Joined: Jan 10, 2013
Posts: 20

class Array
{
public static void main(String d[])
{
char ch[]={'s','u','n'};
System.out.println(ch); //output: sun
System.out.println("result="+ch); //output: result=[C@1fb6458
}
}

why in the 2nd output, it gives the address of character array ?

And if i want the output : result= sun
then what is the code for it ?
Campbell Ritchie
Sheriff

Joined: Oct 13, 2005
Posts: 38363
    
  23
Why do you think you are getting the address of that array? For the explanation, start here.
Soumya Padhiary
Greenhorn

Joined: Jan 10, 2013
Posts: 20

thanks in advance .
Soumya Padhiary
Greenhorn

Joined: Jan 10, 2013
Posts: 20

Campbell Ritchie wrote:Why do you think you are getting the address of that array? For the explanation, start here.


Because when i run it, the out put was as above.
In java when any variable is concatenated with String then the variable is treated as character and the result is a new string object.
e.g.
String s=new String("34");
System.out.println(1+1+s); output : 234

similarly the 2nd output in my program should be: Result= sun
but after running it the output was : result= [C@q4e3rq4
why it is printing the address of the character array, instead of character sequence ?

And what is the code for getting the the output:
Result= sun ?

please help..
Greg Charles
Sheriff

Joined: Oct 01, 2001
Posts: 2848
    
  11

It's true that when a primitive, like your 1+1 int expression, gets concatenated to a String, it is first converted to a String representation its value. For an object type though, its toString() method is called to convert it to a String.

In Java, arrays are objects with the base class Object, so when you concatenate an array to a String, its toString() method as called. For arrays, all that does it print out the reference id for the array. If you want a different String representation of the array, then you have write that yourself. (Hint: the String class has a constructor taking a character array parameter.

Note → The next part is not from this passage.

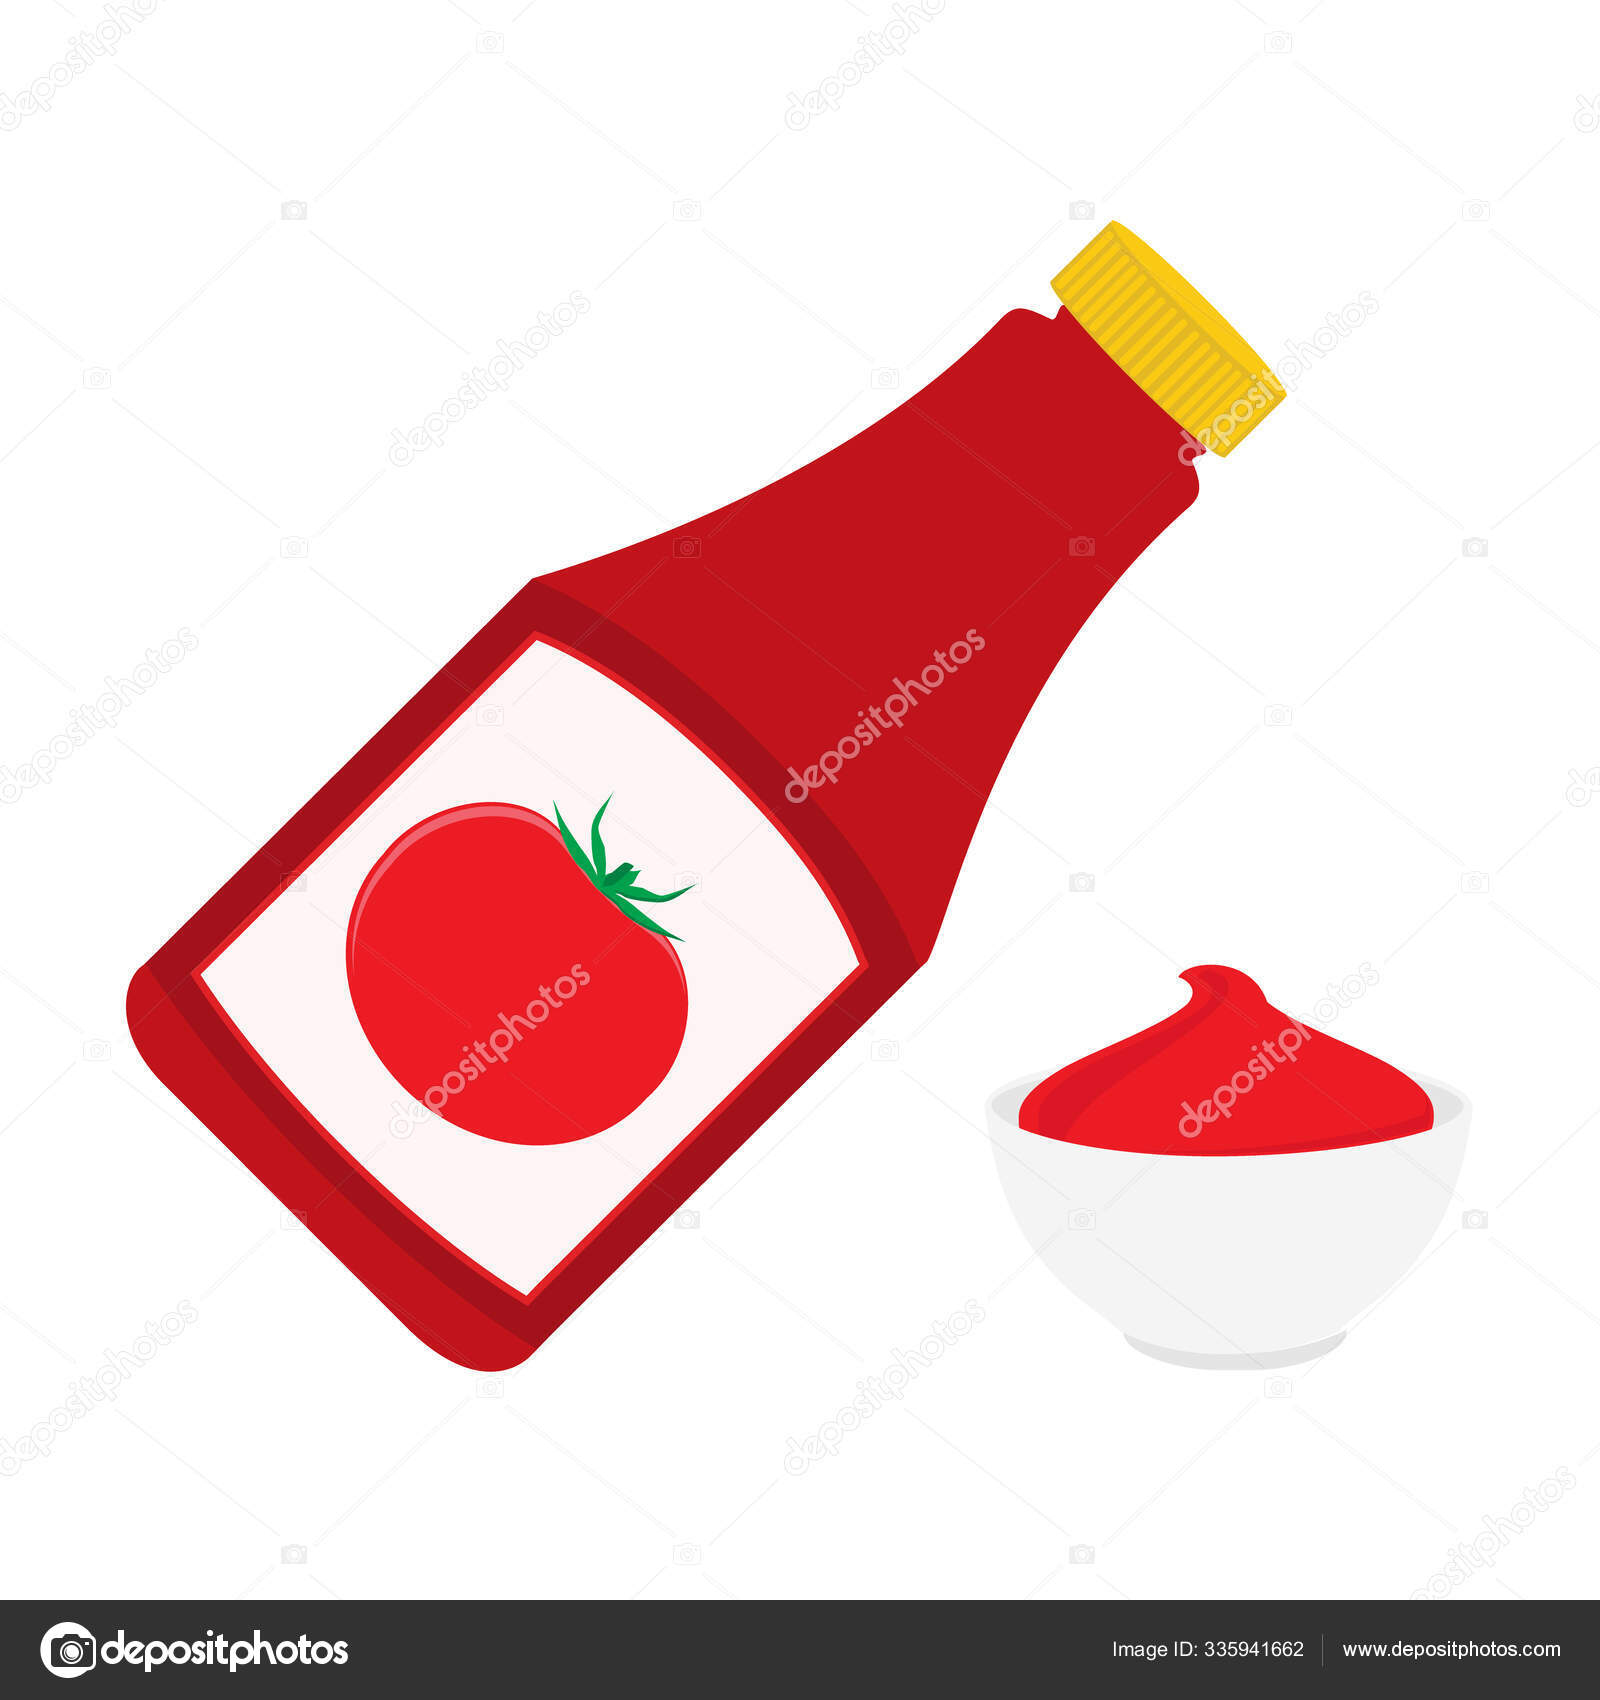 Tomato ketchup label design Stock Photos, Royalty Free Tomato ketchup label  design Images | Depositphotos

You might try that out.)
fred rosenberger
lowercase baba
Bartender

Joined: Oct 02, 2003
Posts: 11230
    
  16

I believe:

When you have

the toString method is called on the object. In this case, the object is an array. So, the toString() method of an array returns a letter that indicates the array type ('C' for character in this case) followed by an 'at' sign, followed by the results of the hashCode() call on the array. It is NOT the address of the object.

now...when you call

the println() method is most likely overloaded. That means the JVM can pick which one it thinks is best. If you check the API, you'll find this:


println

public void println(char[] x)
Print an array of characters and then terminate the line. This method behaves as though it invokes print(char[]) and then println().
Parameters:
x - an array of chars to print.


There are only two hard things in computer science: cache invalidation, naming things, and off-by-one errors
Jesper de Jong
Java Cowboy
Saloon Keeper

Joined: Aug 16, 2005
Posts: 14111
    
  16

Soumya Padhiary wrote:Because when i run it, the out put was as above.

but after running it the output was : result= [C@q4e3rq4
why it is printing the address of the character array, instead of character sequence ?

But that is not the address of the character array, what's after the @ is the hash code (in hexadecimal).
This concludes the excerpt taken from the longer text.